Gwyn Topham Transport correspondent 

Britain braces for big Christmas getaway amid weather and travel warnings

Airports, train operators and motoring bodies forecast traveller numbers unseen since before pandemic
  
  

People stand in front of a Christmas tree with a departures board behind it
People waiting for trains at Waterloo Station in London on Friday. Photograph: Andy Rain/EPA

Britain’s biggest festive getaway in years was expected to start on Friday, as millions of people took to road, rail and skies to see their loved ones over Christmas.

Airports, train operators and motoring organisations have all forecast traveller numbers unseen since before the pandemic.

With warnings of a seasonal brew of grim weather and rail replacement buses from Saturday, travel was expected to peak on Friday. The Met Office issued a yellow warning across most of Britain on Saturday and Sunday for strong winds and likely potential disruption to road, rail, air and sea travel.

Congestion was expected to be at its worst on Friday, according to motoring organisations, with the AA’s member surveys pointing to an estimated 23.7m cars on the road – the highest for Christmas traffic since it started logging the data in 2010.

It said drivers were most likely to get stuck in motorway traffic jams on the classic annual congestion hotspots: the M4/M5 interchange near Bristol, the M25 near Heathrow, Birmingham’s M5/M6 interchange, the M4 around Cardiff and Newport, and the M8 between Edinburgh and Glasgow.

Rail passengers were urged to book seats and plan ahead but to check for changes as a busy few days of travel were expected and more people were using the trains than last year.

Disruption this weekend includes the start of nine days of work affecting services between London St Pancras and Bedford – meaning Thameslink and East Midlands passengers will need to use buses or go via other routes from the capital.

Nearly 1 million passengers were due to fly out from UK airports on Friday, according to the Civil Aviation Authority, making it the busiest Christmas getaway by air since before the pandemic. A CAA survey claimed 12% would do so to avoid relatives, just below the 13% flying to see them.

The travel organisation Abta said about 4 million people would be spending the Christmas and new year period overseas, with the most popular destinations for winter sun holidays this year being the Canary Islands, southern Spain, Portugal, Turkey and Dubai.

France remains the top destination for skiers, while Amsterdam, Budapest, Dublin, Paris, Prague and Vienna are the top city breaks.

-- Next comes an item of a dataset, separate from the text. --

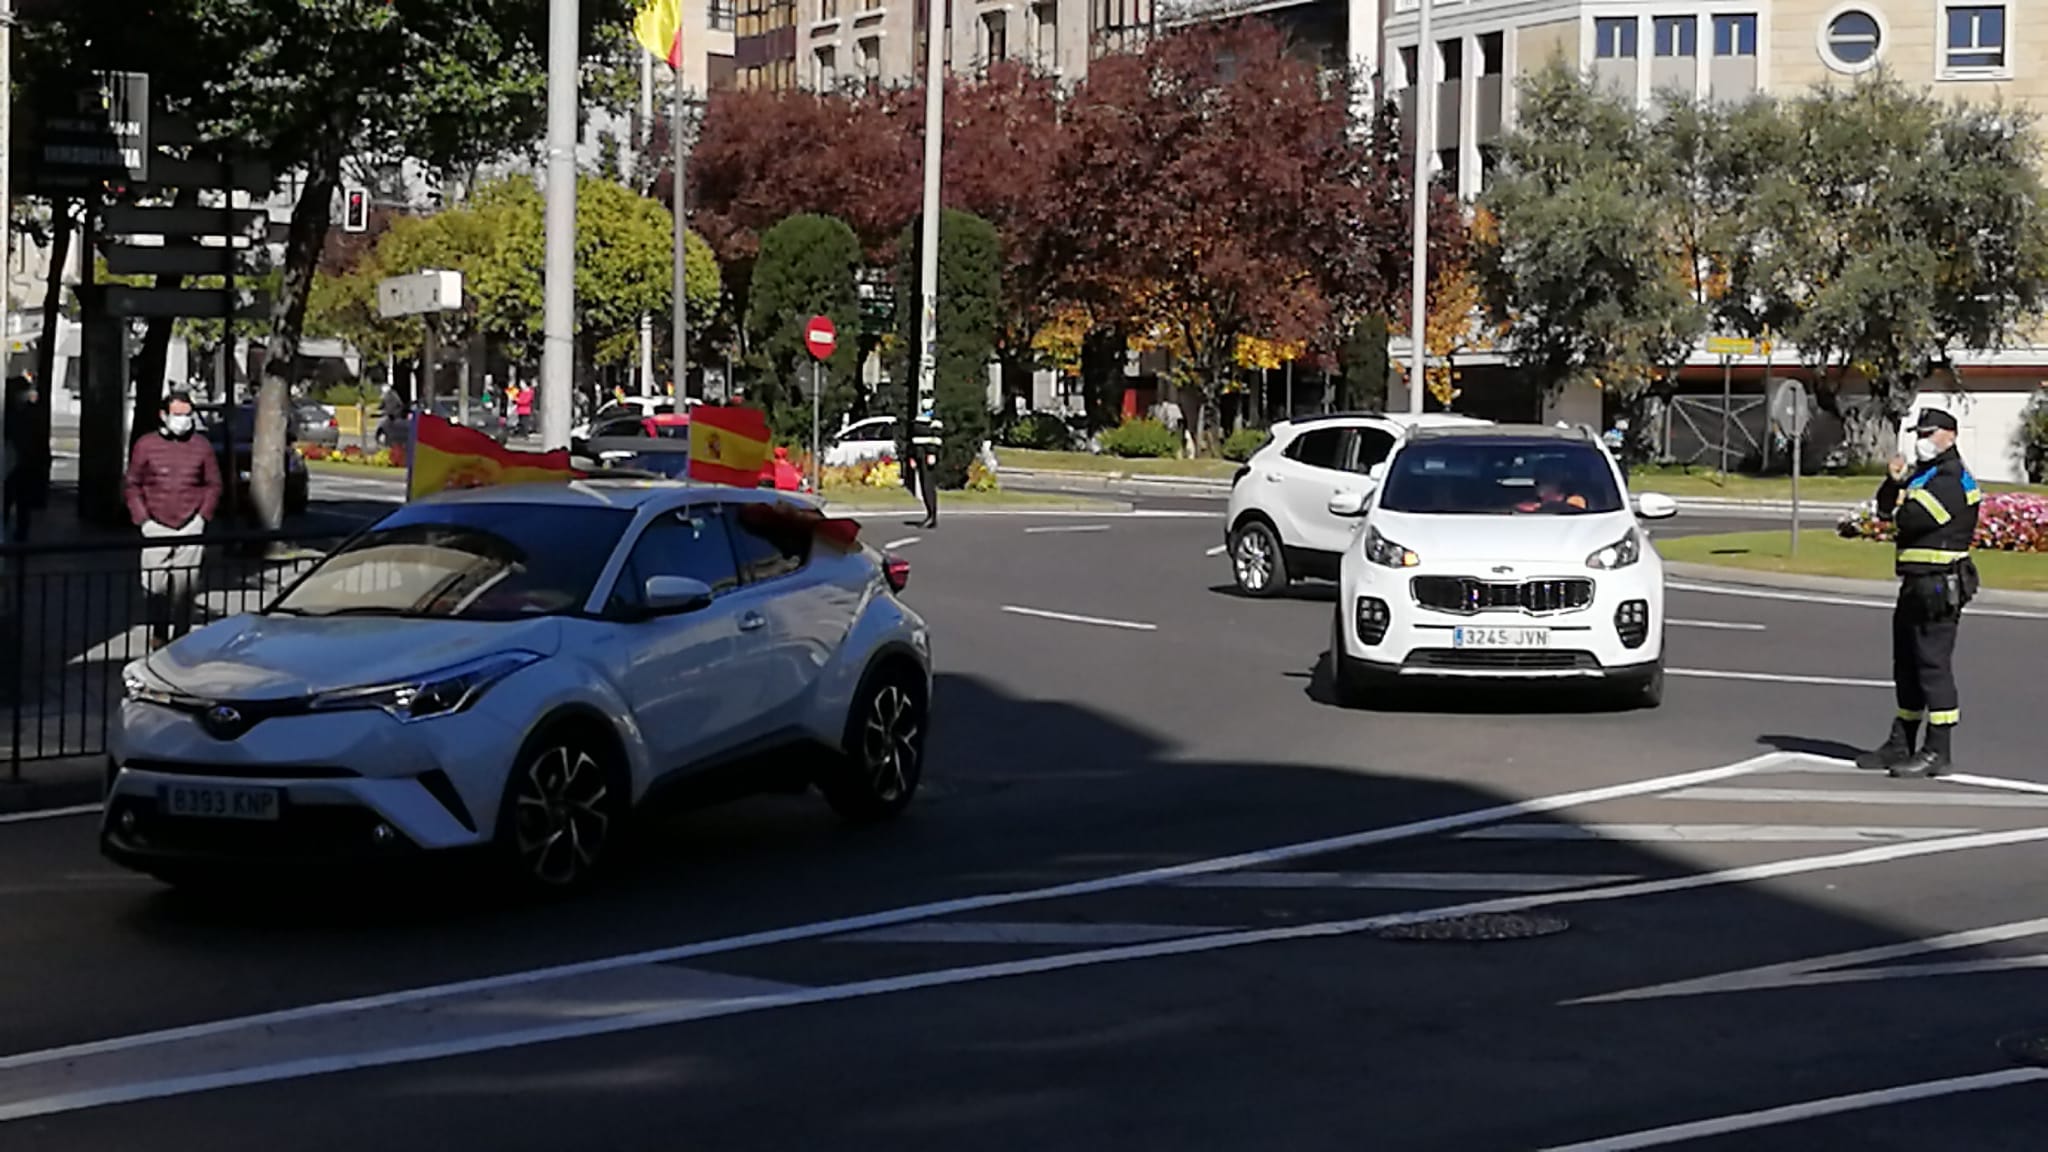 La caravana de coches hizo el circuito de avenida Mirat, plaza España y Gran Vía.
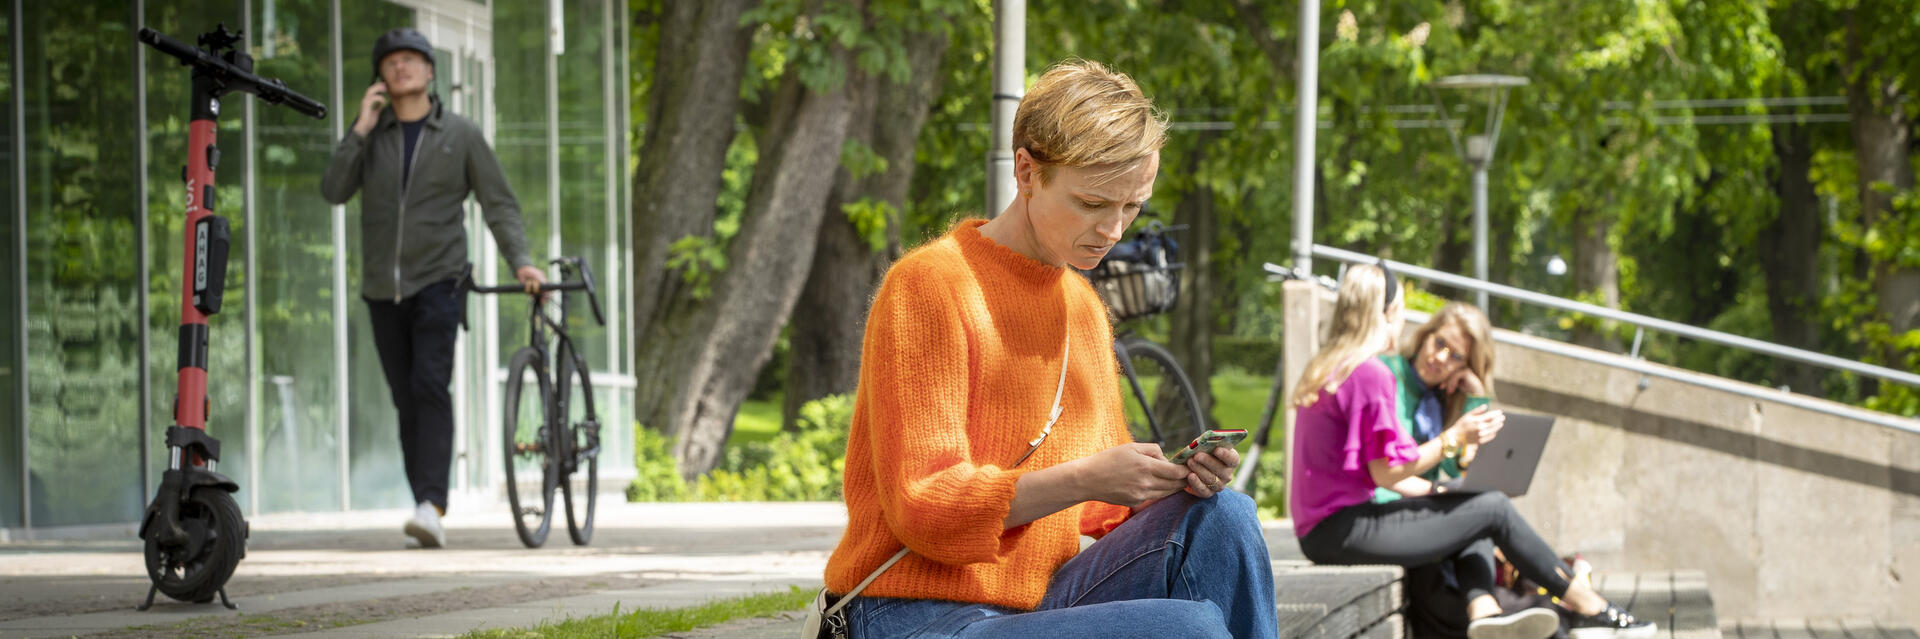 Kvinna sitter på en bänk och tittar ner i sin mobil

Britain’s biggest airport, London Heathrow, is expecting Christmas travel to ensure its busiest December on record for passengers, topping 6.7 million.

Beyond the weekend getaway, rail passengers face disruption into the new year with a £142m programme of engineering works starting on Christmas Day, and major projects closing some of London’s main stations.

London Liverpool Street – Britain’s busiest station – will be shut for eight days, and London Paddington for three days. People using trains to reach south-east England’s four biggest airports – Heathrow, Gatwick, Stansted and Luton – will face some disruption.

More than a week of work around Crewe will close the station until the end of 27 December and reduce services to Liverpool and Manchester until early January.

Strikes threaten to disrupt the main intercity services linking London, Birmingham, Manchester and Glasgow around new year, with RMT members at Avanti West Coast planning a series of strikes starting on New Year’s Eve and 2 January.

Only about a quarter of Avanti services are expected to run if talks fail to avert the strikes, which had been scheduled earlier in the Christmas period.

People travelling to Ireland by boat will be unable to use the main ferry connection from the Port of Holyhead in north Wales until 15 January, due to storm damage.